Ce mouvement qui gonfle le bassin de ce qu'il avait rejeté, ou qui nous livre à l'inconnu que nous avions exprimé, est ce qu'on appelle l'inspiration. Tout se passe alors comme si le monde était neuf, n'avait jamais servi, offrait à portée de main les réponses les plus claires et les plus insolites qu'on avait en vain cherchées à la pointe de sa pensée. Avec une insolence joyeuse nous rejetons tout savoir, refusons à l'esprit la moindre puissance, ravis au point que nous avons le sentiment d'un autre monde, plus vrai, plus pur, plus enchanté que celui où nous nous débattions tout à l'heure avec notre désir de le connaître, nos efforts pour y parvenir, nos échecs et ce que nous pensions être nos réussites. Elle affleure encore à la surface, cette vie dont nous venons de perdre une habitude qu'il faudra bientôt reprendre, mais si mince qu'elle devient négligeable quand au même moment son épaisseur et sa pénombre, noyées maintenant mais qui vont reparaître et nous heurter une autre fois, vaguement nous menacent, et, nous assurant de sa fragilité, redoublent notre bonheur. Mais alors? Il arrive que certains lieux, certaines heures, certains éclairages brusquement nous livrent à l'inconnu bien que nul mouvement de notre part n'ait suscité ces attaques; nous nous ouvrons encore à la lumière du non-savoir, mais nous n'étions pas occupés d'accroître nos connaissances. Et sans doute convient-il de rechercher pourquoi, de temps à autre, de tels paysages nous paraissent intérieurs sans qu'on les ait conduits à le devenir. Mais l'important, pour nous, est de nous donner en toute maîtrise à ce jeu dont les résultats nous échappent si nous en pouvons approcher les règles, de jouer de plus en plus serré avec notre nature, et, nous y soumettant, de lui permettre enfin de rendre tous les sons, les harmonies, les nuances dont notre entourage, notre éducation, nos lectures, et l'inconséquence qui veut que la farce sociale soit prise au sérieux, nous avaient longtemps préservés de jouir. Or, l'objet le plus habituel - mon encrier, ma table, - si je le regarde au sortir d'une recherche difficile (et qu'il soit ou non le prétexte de mon effort) devient ce lieu d'évidence et de joie. L'inspiration est le regard neuf, le regard d'avant tous les regards - mais un regard qui sait beaucoup et oublie tout.

 

Éprouver l'infini est une affaire de secondes. Le ravissement nous introduit dans un domaine un peu trop parfait pour être longtemps désirable, notre soif d'inconnu entend rester la plus forte. Qu'une réponse nous soit donnée, qu'on ait trouvé la solution définitive, on voit assez ce qu'il y faut de renoncement pour que cette pensée, à la longue, ne suscite notre violence. L'esprit entend ne pas rester dupe de ce qui apparaît alors n'être qu'une illusion, merveilleuse sans doute mais emprisonnante, et qui nous soustrait à ce monde de petites besognes intellectuelles que nous proposent, à nous toucher mais séparés de nous par une épuisante marge d'inattention, les sardiniers, les quais, ces hommes et femmes qui par grappes débordent sur les trottoirs puis s'égrènent, avec nous semble-t-il une liberté prodigieuse. Tout, de nouveau, se retourne, la séduction demeurant ailleurs. Et dans le même temps nous éprouvons la nostalgie de ce bonheur qui déjà se désagrège, comme si, à l'idée que nous avons gâché l'occasion de nous en rendre maître, pour un ultime mirage nous tentions d'exprimer de nouveau cette part d'inconnu qui, presque entièrement recueillie, va redevenir la part invisible de nous-mêmes. Notre désir de domination ainsi se venge - ou du moins, très exactement, sauve les apparences.

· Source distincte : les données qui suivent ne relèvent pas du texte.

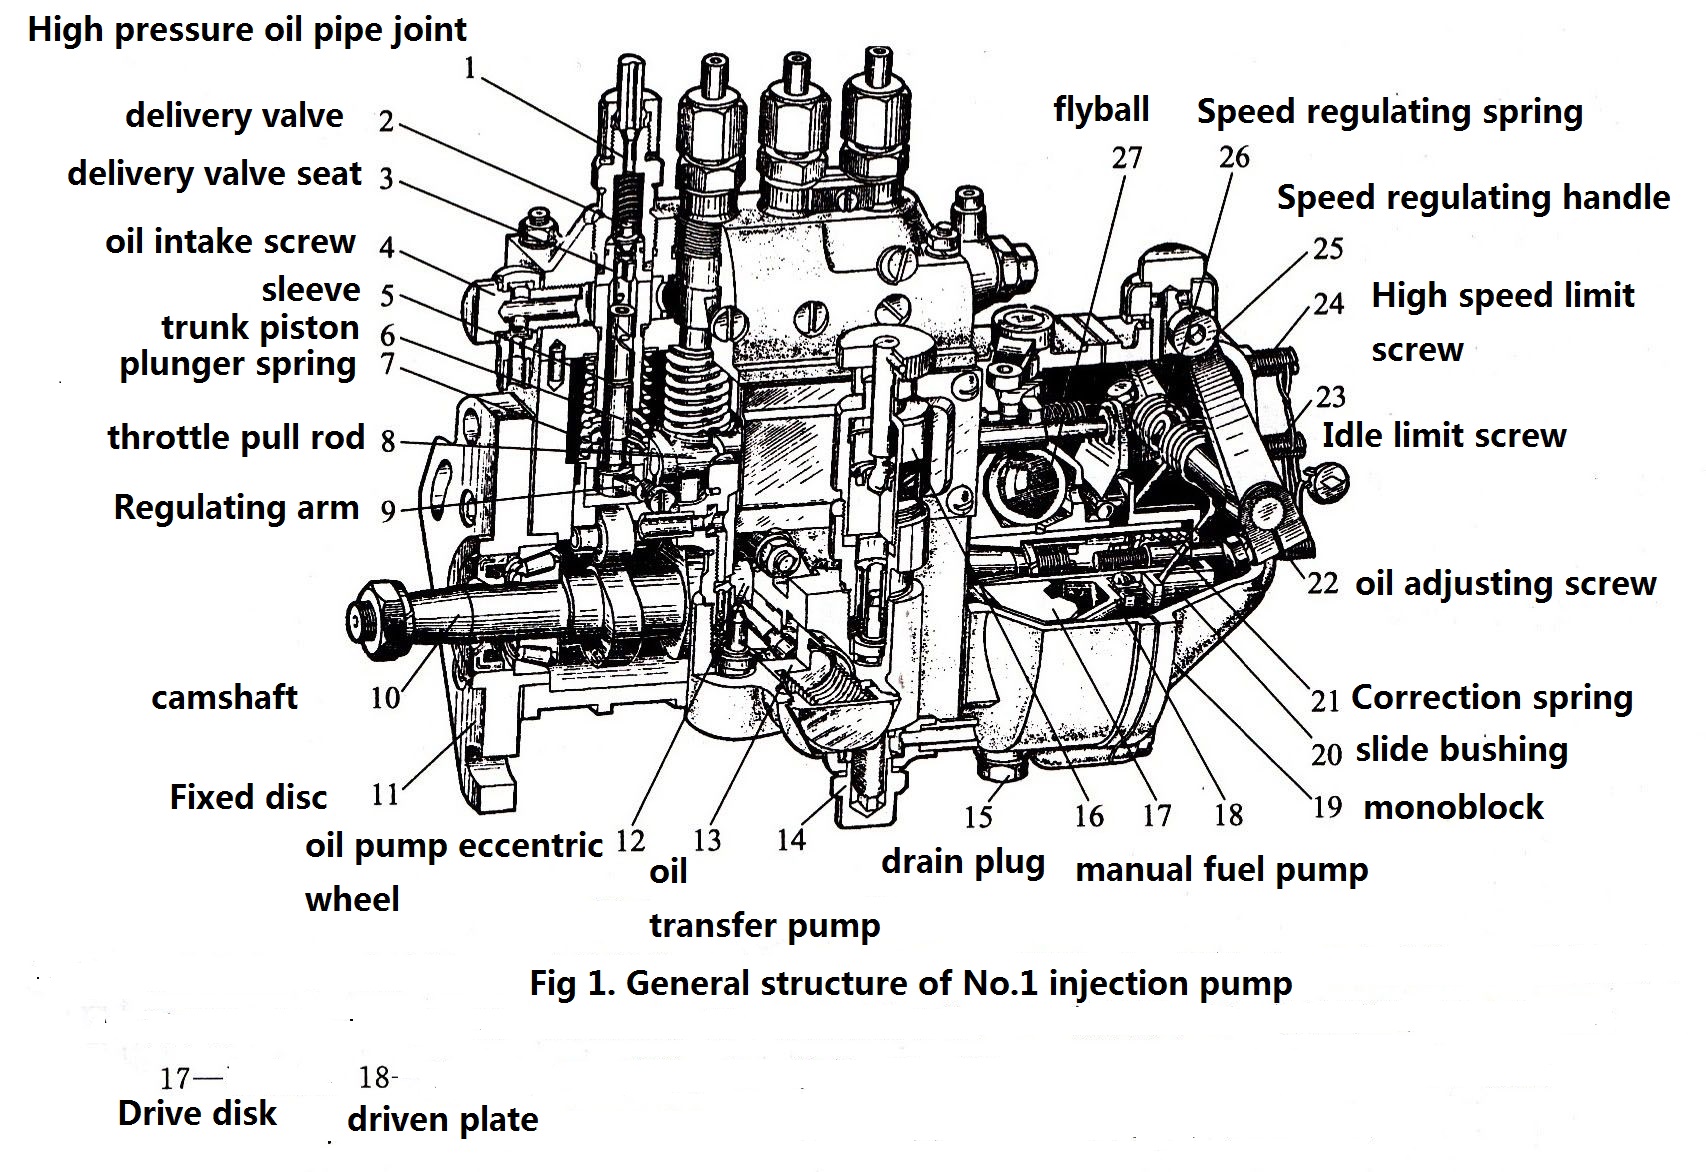 I号喷油泵总体构造图.jpg
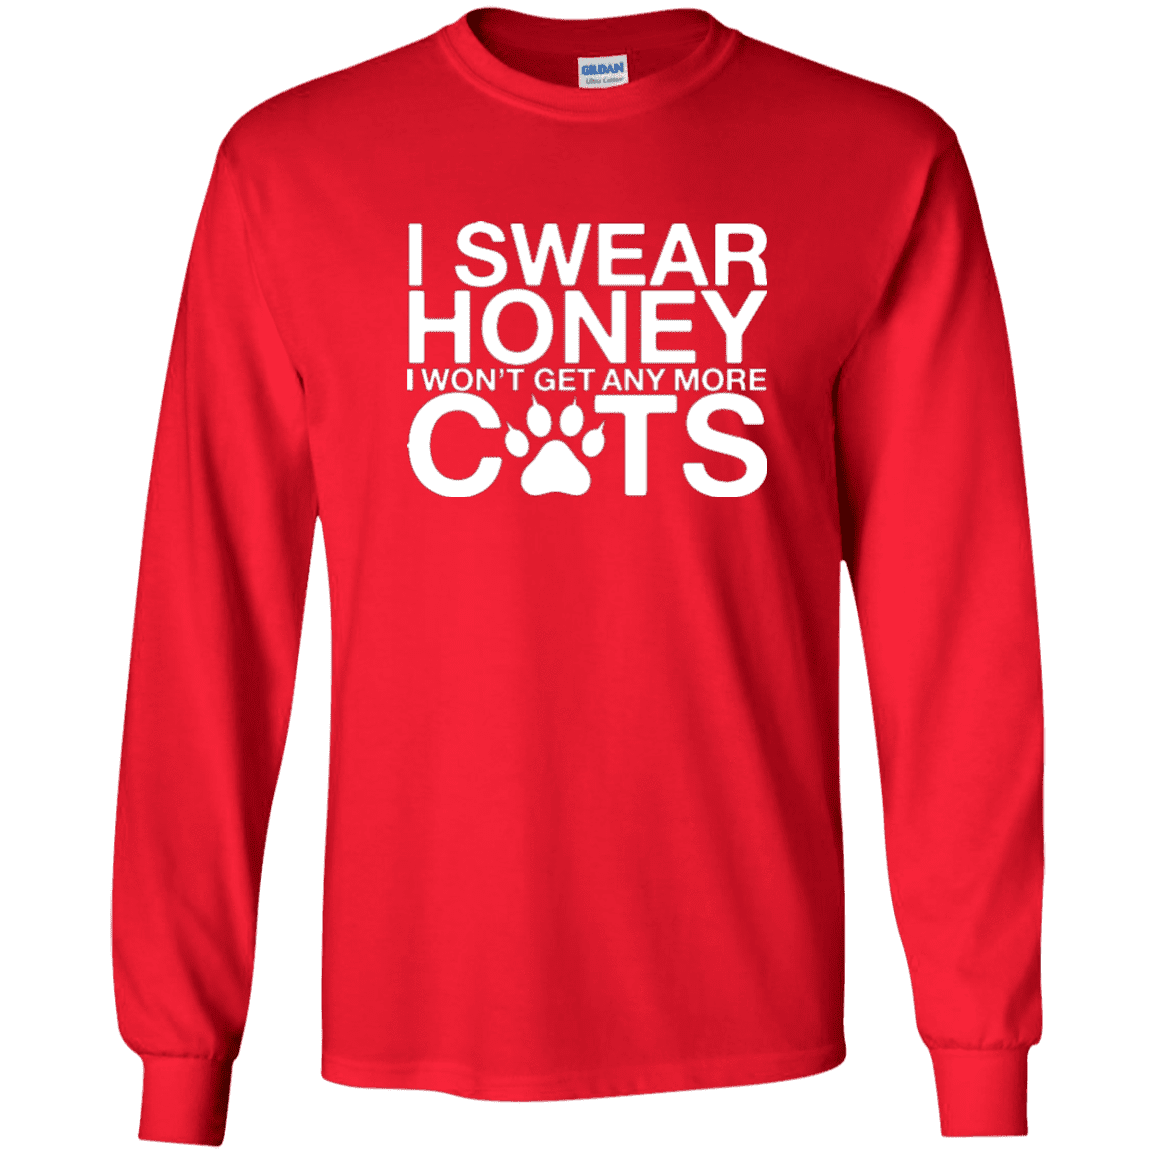 I Swear No More Cats - Long Sleeve T-Shirt.

Et peut-être nous dira-t-on que c'est encore lui qui plus tard, comme en ce moment où j'écris, nous pousse à revenir sur l'événement pour tenter une dernière fois de le comprendre; il peut paraître en effet que notre attention, soutenue par l'anxiété de tout perdre, est alors plus apte à établir enfin sa puissance sur ce qui jusqu'alors nous échappe. Mais enfin: connaître l'inconnu, ne serait-ce pas le détruire? Nous en pourrions jouer à notre guise peut-être, mais non plus en jouir ni le faire de rien; c'est un vieux rêve médiocre que l'homme en pleine connaissance de lui-même - sans cesse devenant tous ses possibles et l'impossibilité de les devenir.
Puis, comment faire confiance, sinon par faiblesse, à un langage dont nous avons éprouvé au juste moment qu'il n'avait de prises sur l'inconnu mais qu'il s'y brisait au contraire, remplacé par une communication autrement profonde et riche. Nous savons bien que ce qu'on voudrait nous faire dire se refuse à livrer ses secrets, et que nous tournons autour sans jamais y mordre, heureux déjà de distinguer ce qui n'avait pas d'importance - ce pouvoir de distraction auquel nous avons recours pour échapper à nous-mêmes. Tout ce qui n'est pas en jeu ici n'a d'autre valeur que de prétexte. Et si d'aventure, au cours de notre description, le bonheur un moment nous arrête, ce n'est pas l'assouvissement du désir de connaître mais le plaisir de reconnaître - le bonheur d'expression. Nous sommes délivrés alors de la nostalgie que je disais et qui tendait à l'idée fixe - qui risquait donc d'arrêter ce mouvement intérieur dont nous sentons qu'il doit se poursuivre-, et nous pourrons, en communiquant l'image de notre émotion, la perdre tout à fait, la rendre à ce brassement de mer et de foule dont elle est issue, dont une émotion du même ordre va bientôt surgir.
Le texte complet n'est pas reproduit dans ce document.